Attachant de drôlerie
Gypsy (1911-1970) est une danseuse de burlesque – autrement dit, une strip-teaseuse mais avec plumes d’autruche, cache-tétons à paillettes et cache-sexe brillant. Que cet essentiel colifichet se déplace, et il change de fonction, déréglant tout à l’Old Opera : une danseuse est retrouvée nue et morte, étranglée avec son G-string. Puis ce sera le tour d’une autre…

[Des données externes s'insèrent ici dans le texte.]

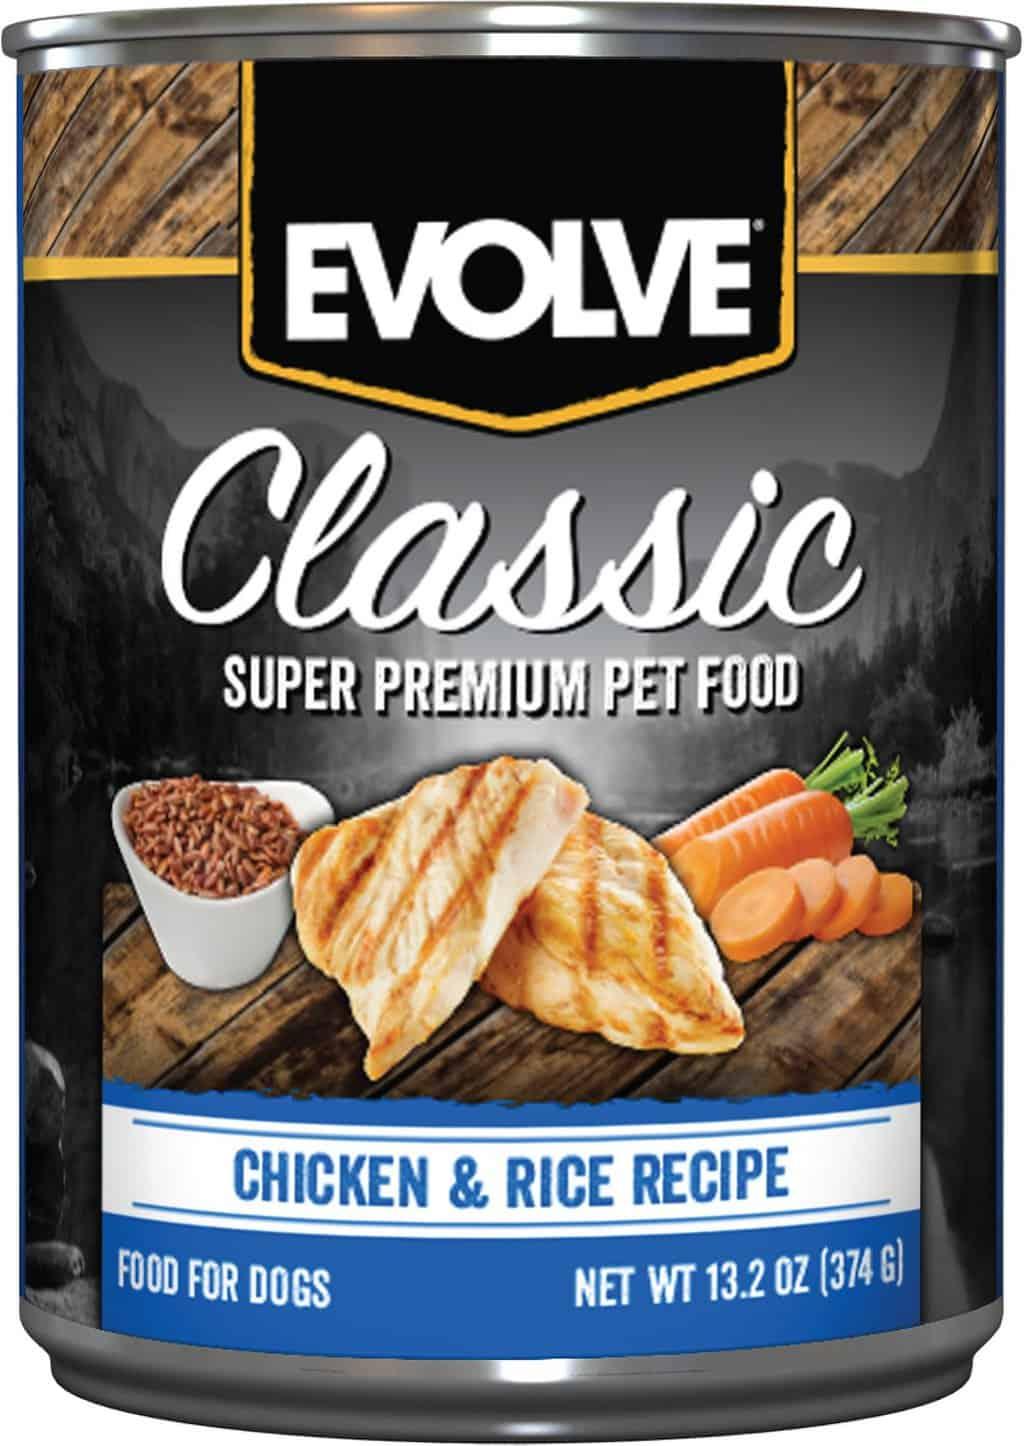 Evolve Dog Food Review 2021: Best Affordable, Premium Pet Food? 23

Peu importe si le premier meurtre est commis plus de cent pages après ce début tonitruant : ici, ce n’est pas le crime qui compte, mais l’ambiance d’une boîte à burlesque de la 42e rue de Manhattan, dans les années 1930. Pareil pour le whodunit : c’est un prétexte pour dévoiler les coulisses d’un théâtre et les relations entre ses employé·es (machinistes, showgirls, vedettes du burlesque, etc.).

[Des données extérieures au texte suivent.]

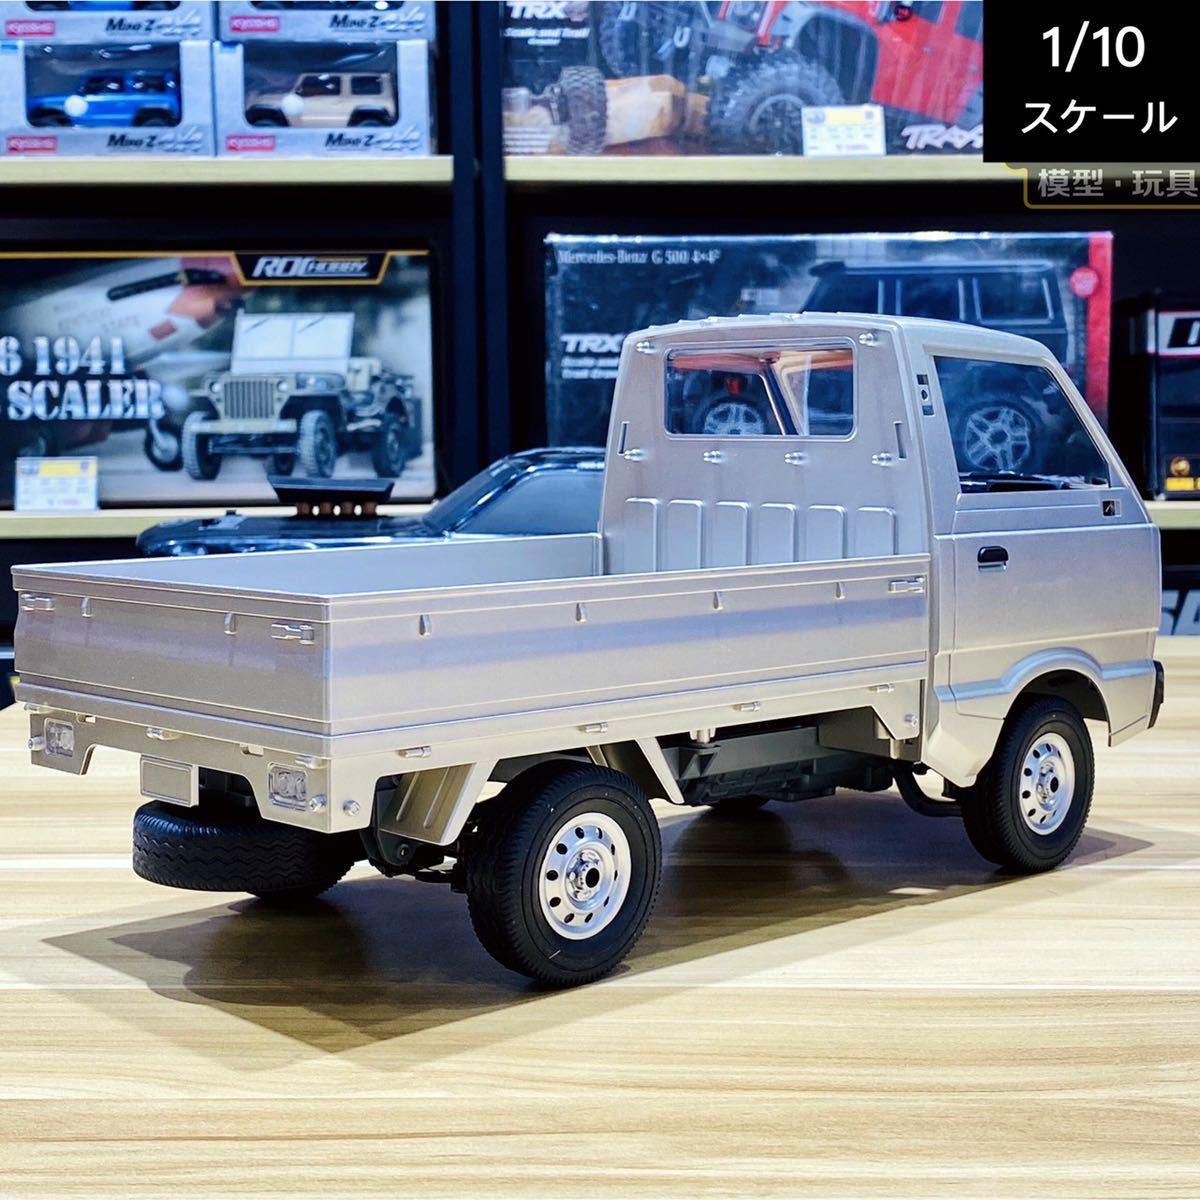 WPL 軽トラ ラジコンカー 1/10 全2種 RTR ミッドシップ MR 軽トラック RC 車 トラック 2WD リヤ駆動 D-12型 バッテリー付 ドリフト可能_画像4

C’est une plongée à huis clos dans un lieu qui l’est lui aussi, sur lui-même, et hypercodifié, avec ses propres règles, ses propres gestes, complètement différents de ceux du monde extérieur. D’où le choc quand ce dernier s’y invite par effraction, par exemple à travers des descentes policières, ce qui arrivait souvent à la fin des années 1930 sous la pression des ligues de vertu.
Gypsy Rose Lee s’est directement inspirée de son vécu, et de son expérience sur scène avec les fameuses Ziegfeld Follies. Si elle abuse un peu trop des dialogues et que l’intrigue tourne en rond, on lui pardonnera : son ton, son esprit acide sont attachants de drôlerie : “C’était mon dernier soir dans une boîte sinistre que son défunt propriétaire appelait malicieusement un ‘nightclub’. Sous les lumières tamisées, un orchestre de cinq musiciens enchaînait les airs, cependant que mon nouveau patron m’entretenait de mon avenir. À l’écouter, on aurait dit que je me préparais pour le ballet, ou au moins pour les Jeux olympiques.”
La galerie de personnages qu’elle met en scène vaut le détour, d’autant qu’elle sait croquer un portrait en quelques traits acérés
Et puis la galerie de personnages qu’elle met en scène vaut le détour, d’autant qu’elle sait croquer un portrait en quelques traits acérés. Il y a les strippers Dolly Baxter et Lolita La Verne ; la meilleure amie de Gypsy, Gee Gee Graham ; Biff Brannigan, son grand copain ; Stachi le concierge ; Moey, le marchand de bonbons du théâtre, etc.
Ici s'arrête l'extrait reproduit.